It is a web security scanner, developed in C, which allows to discover lots of security holes on a web site by performing several kinds of tests:
- High risk: SQL / PHP / XML / shell script injections, etc.
- Medium risk: XSS (Cross-Site Scripting), CSS attacks, MIME type problems, etc.
- Low risk: indexed directories, certificate problems, HTTP credentials, etc.
Due to it is written in pure C, it can reach an high performance: around 500 requests per second against targets located on Internet, about 2000 on local networks and more than 7000 on local hosts. Skipfish generates a sitemap with all the discovered paths, a summary of the document types and a set of security breaches.
I am going to try skipfish (1.86b version) out on an Ubuntu Server 10.10, by crawling a default MediaWiki installation. So as to install skipfish, we must fulfill some dependences on our system and then, compile it.
javi@ubuntu-server:~$ sudo aptitude install build-essential libssl-dev libidn11-dev
javi@ubuntu-server:~$ wget http://skipfish.googlecode.com/files/skipfish-1.86b.tgz
javi@ubuntu-server:~/skipfish-1.86b$ tar xvzf skipfish-1.86b.tgz
javi@ubuntu-server:~/skipfish-1.86b$ make
By typing the -h argument, we can take a look at all the available options by skipfish.
javi@ubuntu-server:~/skipfish-1.86b$ ./skipfish -h
skipfish version 1.86b by <lcamtuf@google.com>
Usage: ./skipfish [ options ... ] -o output_dir start_url [ start_url2 ... ]
Authentication and access options:
-A user:pass - use specified HTTP authentication credentials
-F host=IP - pretend that 'host' resolves to 'IP'
-C name=val - append a custom cookie to all requests
-H name=val - append a custom HTTP header to all requests
-b (i|f|p) - use headers consistent with MSIE / Firefox / iPhone
-N - do not accept any new cookies
Crawl scope options:
-d max_depth - maximum crawl tree depth (16)
-c max_child - maximum children to index per node (512)
-x max_desc - maximum descendants to index per branch (8192)
-r r_limit - max total number of requests to send (100000000)
-p crawl% - node and link crawl probability (100%)
-q hex - repeat probabilistic scan with given seed
-I string - only follow URLs matching 'string'
-X string - exclude URLs matching 'string'
-K string - do not fuzz parameters named 'string'
-D domain - crawl cross-site links to another domain
-B domain - trust, but do not crawl, another domain
-Z - do not descend into 5xx locations
-O - do not submit any forms
-P - do not parse HTML, etc, to find new links
Reporting options:
-o dir - write output to specified directory (required)
-M - log warnings about mixed content / non-SSL passwords
-E - log all HTTP/1.0 / HTTP/1.1 caching intent mismatches
-U - log all external URLs and e-mails seen
-Q - completely suppress duplicate nodes in reports
-u - be quiet, disable realtime progress stats
Dictionary management options:
-W wordlist - load an alternative wordlist (skipfish.wl)
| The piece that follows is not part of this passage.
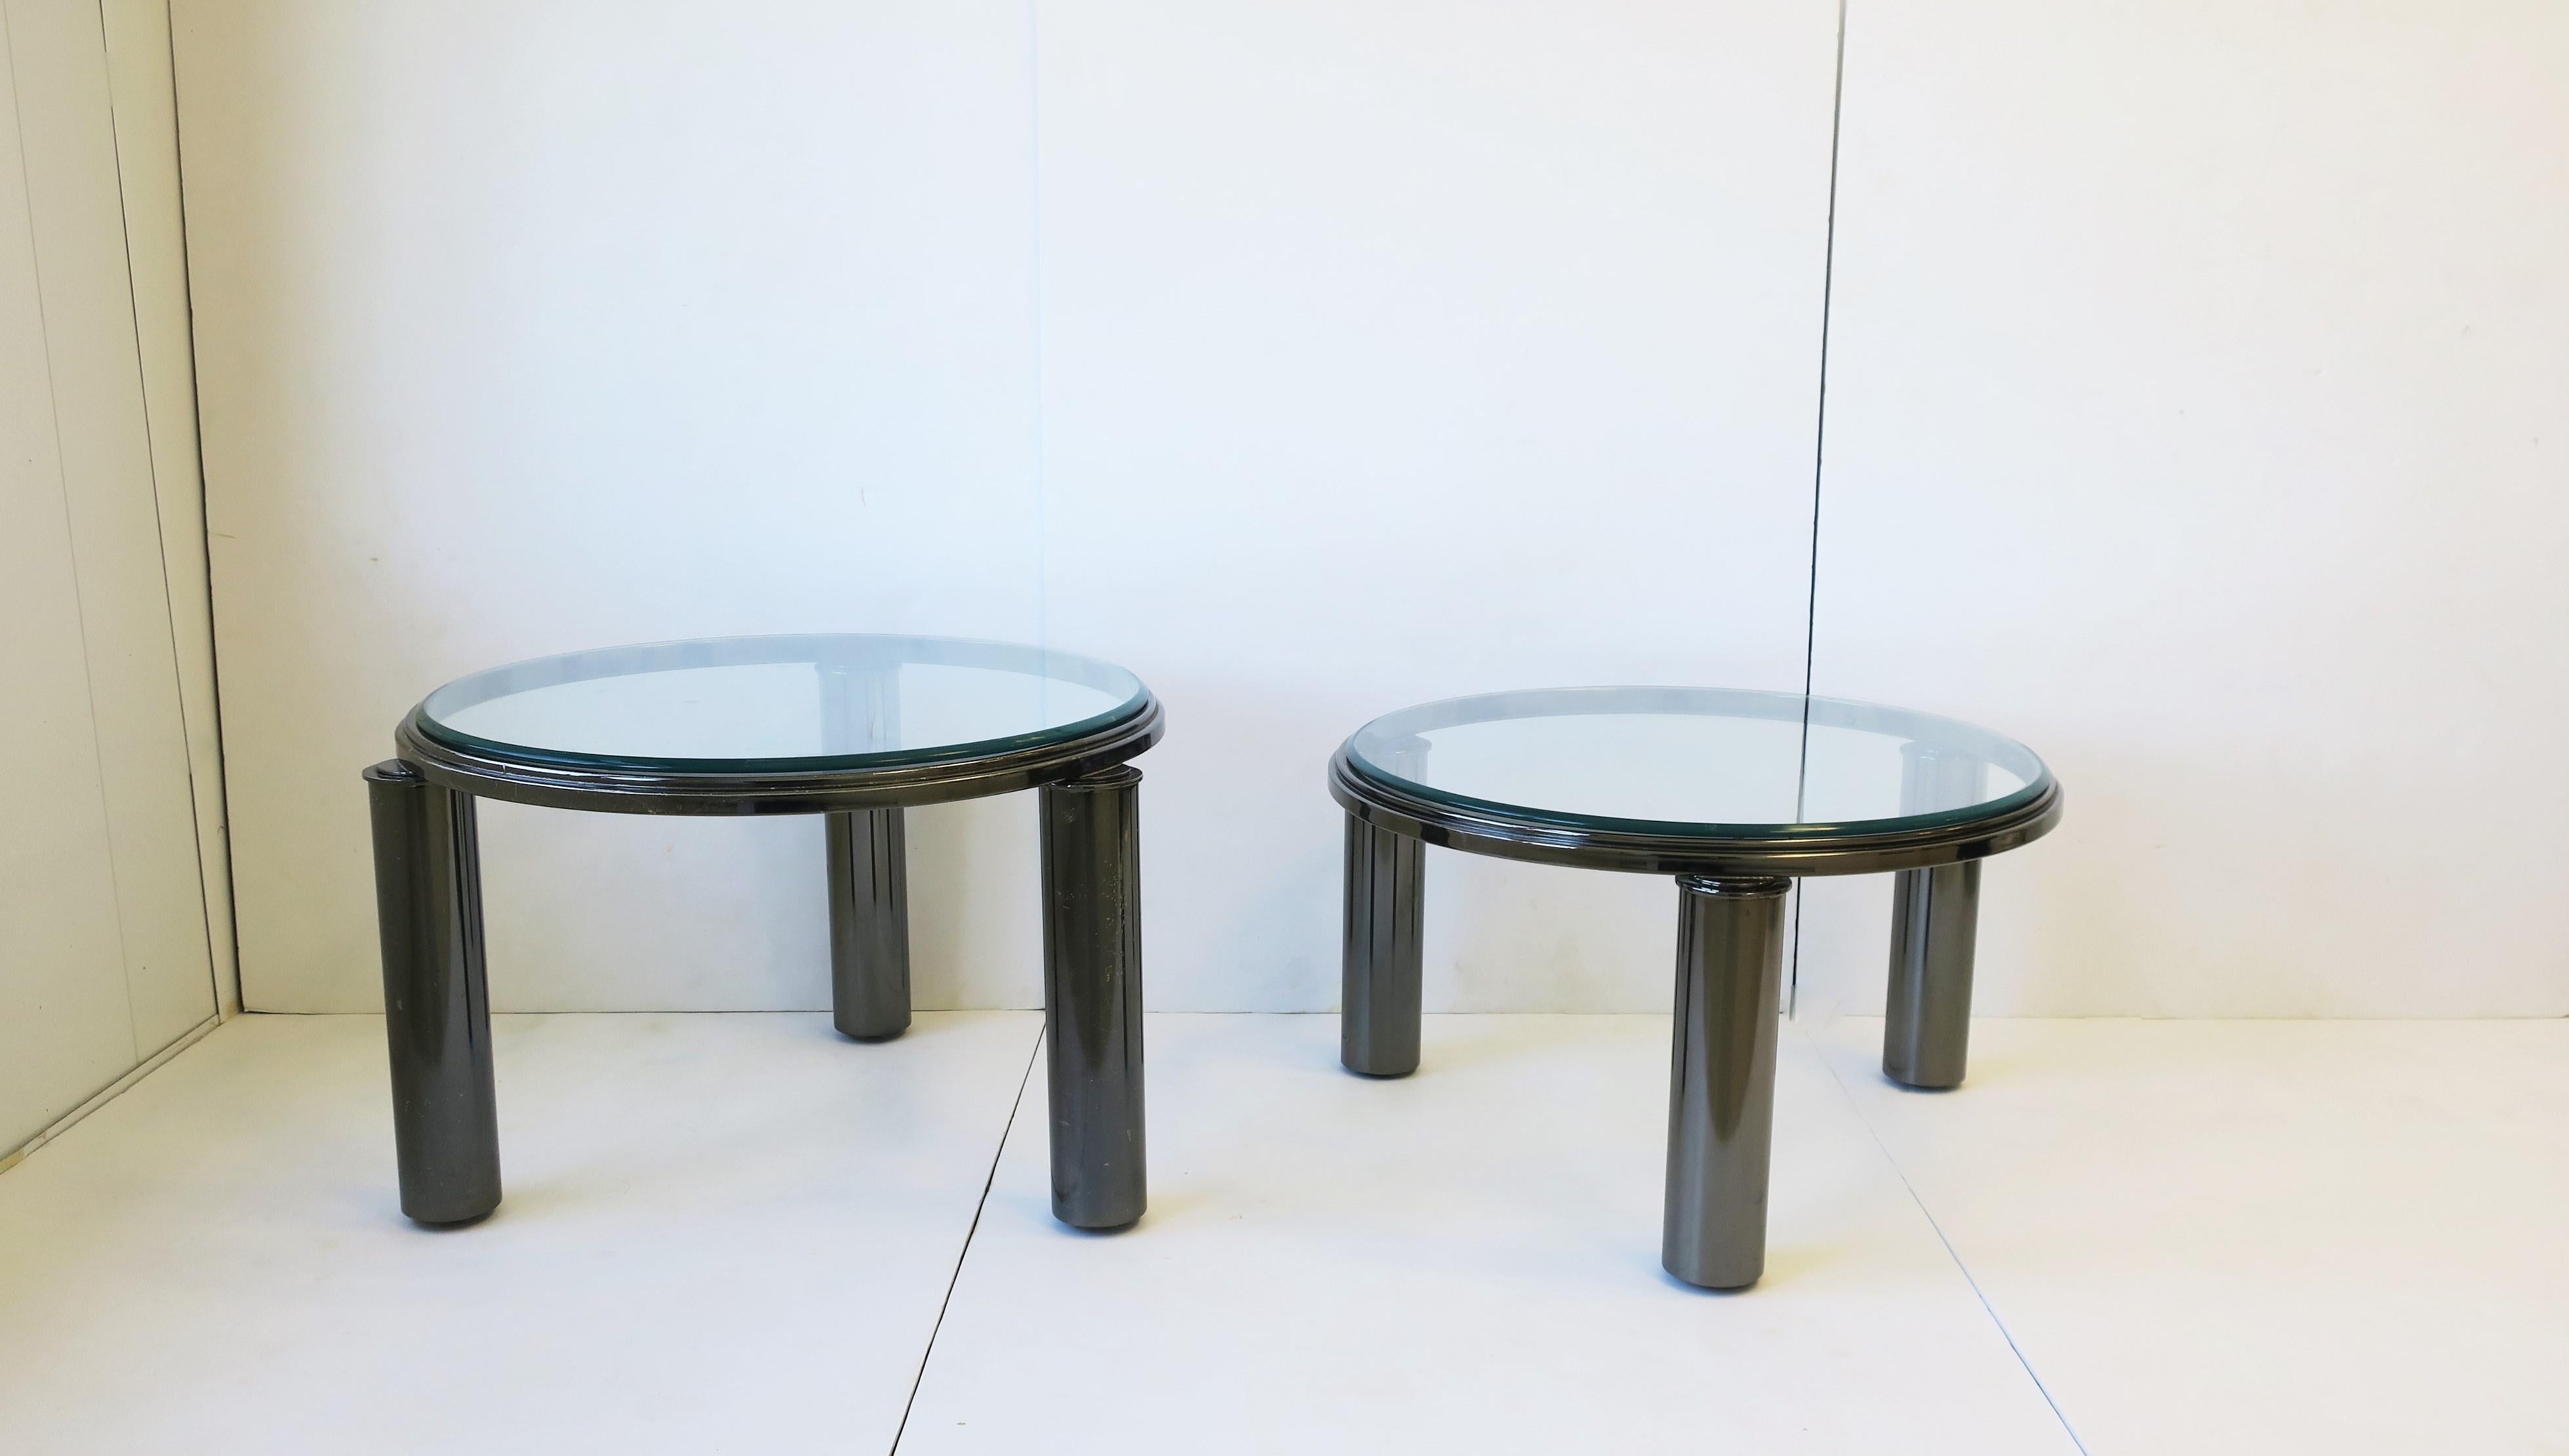 Ensemble de deux (2) tables de cocktail/café rondes à deux niveaux, avec pieds cylindriques et plateaux en verre clair biseauté, design post-moderne des années 1990

-L - do not auto-learn new keywords for the site
-V - do not update wordlist based on scan results
-Y - do not fuzz extensions in directory brute-force
-R age - purge words hit more than 'age' scans ago
-T name=val - add new form auto-fill rule
-G max_guess - maximum number of keyword guesses to keep (256)
Performance settings:
-g max_conn - max simultaneous TCP connections, global (40)
-m host_conn - max simultaneous connections, per target IP (10)
-f max_fail - max number of consecutive HTTP errors (100)
-t req_tmout - total request response timeout (20 s)
-w rw_tmout - individual network I/O timeout (10 s)
-i idle_tmout - timeout on idle HTTP connections (10 s)
-s s_limit - response size limit (200000 B)
-e - do not keep binary responses for reporting
Basically we can see that the skipfish command is made up by a set of options, an output directory for saving the results, and a series of URLs to be analyzed.
We have to take into account when skipfish is working out, it just tests those found links, but we also have the possibility to probe other URLs by means of a brute-force attack, by mixing names (index, doc, etc.) and extensions (pdf, bat, etc.). For this purpose, skipfish affords four dictionaries.
javi@ubuntu-server:~/skipfish-1.86b$ ls dictionaries/*.wl
dictionaries/complete.wl dictionaries/extensions-only.wl dictionaries/medium.wl dictionaries/minimal.wl
By default, skipfish will treat to use a dictionary named skipfish.wl and situated on the work directory. Therefore either we can copy one of these dictionaries into the work directory under this name, or use the -W option to define the wordlist path or on the contrary, not to use a dictionary.
As the application is crawling, adds new words within the dictionary.